Он пришел в ярость.
Она переполняла его, пульсировала. Одной рукой он стискивал руль до побелевших костяшек, а другая лежала на рычаге переключения передач, сжимаясь и разжимаясь, словно он хотел кого-то задушить. Фонари освещали его красивое лицо, пока мы мчались по темным улицам, и я видела напряженно поджатые губы и нахмуренные брови.
Когда я рассказала о происшествии с Лиамом возле «Крипты», его ярость чуть не разнесла меня на кусочки.
– Я в порядке, – заверила я, обхватив себя руками. Мой голос прозвучал слабо и неуверенно. – Правда.
Он только сильнее разозлился.
– Если бы ты ходила на крав-мага, как я просил, он бы не смог так тебя схватить, – голос никиты звучал мягко. И смертоносно. Я вспомнила его лицо, когда он избивал Лиама, и по спине пробежал холодок. Я не боялась, что никита навредит мне, но зрелище рвущейся наружу силы вызывало тревогу. – Ты должна научиться самообороне. Если бы с тобой что-нибудь случилось...
– Я смогла себя защитить.
Я поджала губы. Я не видела Лиама на балу, но там было столько народу, что неудивительно. рита раздобыла мне приглашение на бал, и я встретила там знакомых выпускников. Мы замечательно пообщались, но я устала от разговоров с другими гостями и уже собиралась уходить, когда Лиам настиг меня в гардеробной.

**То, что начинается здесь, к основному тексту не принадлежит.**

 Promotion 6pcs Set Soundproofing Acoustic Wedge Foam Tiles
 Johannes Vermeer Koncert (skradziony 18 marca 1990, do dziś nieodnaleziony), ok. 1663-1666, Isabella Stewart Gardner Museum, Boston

Сегодня он опять был под наркотиками. Я поняла по увеличенным зрачкам и маниакальной энергии. Когда мы были вместе, он никогда такого не делал – во всяком случае, насколько мне известно. Принятое вещество ввергало его то в ярость, то в печаль.
Несмотря на сделанное и сказанное, я испытывала к нему жалость.
– На этот раз, – подчеркнул никита. – Кто знает, как все может обернуться в другой?
Я открыла рот, чтобы ответить, но прежде, чем слова вырвались наружу, в мою голову хлынули образы и звуки, заставляя молчать.
Я бросила в пруд камень и захихикала, увидев на гладкой поверхности круги.
Пруд был моим любимым местом на заднем дворе. У нас были мостки, выходящие прямо на середину, и летом егор любил с них прыгать, пока папа рыбачил, мама читала журналы, а я бросала камни. егор вечно дразнил, что я не умею плавать, а тем более – прыгать.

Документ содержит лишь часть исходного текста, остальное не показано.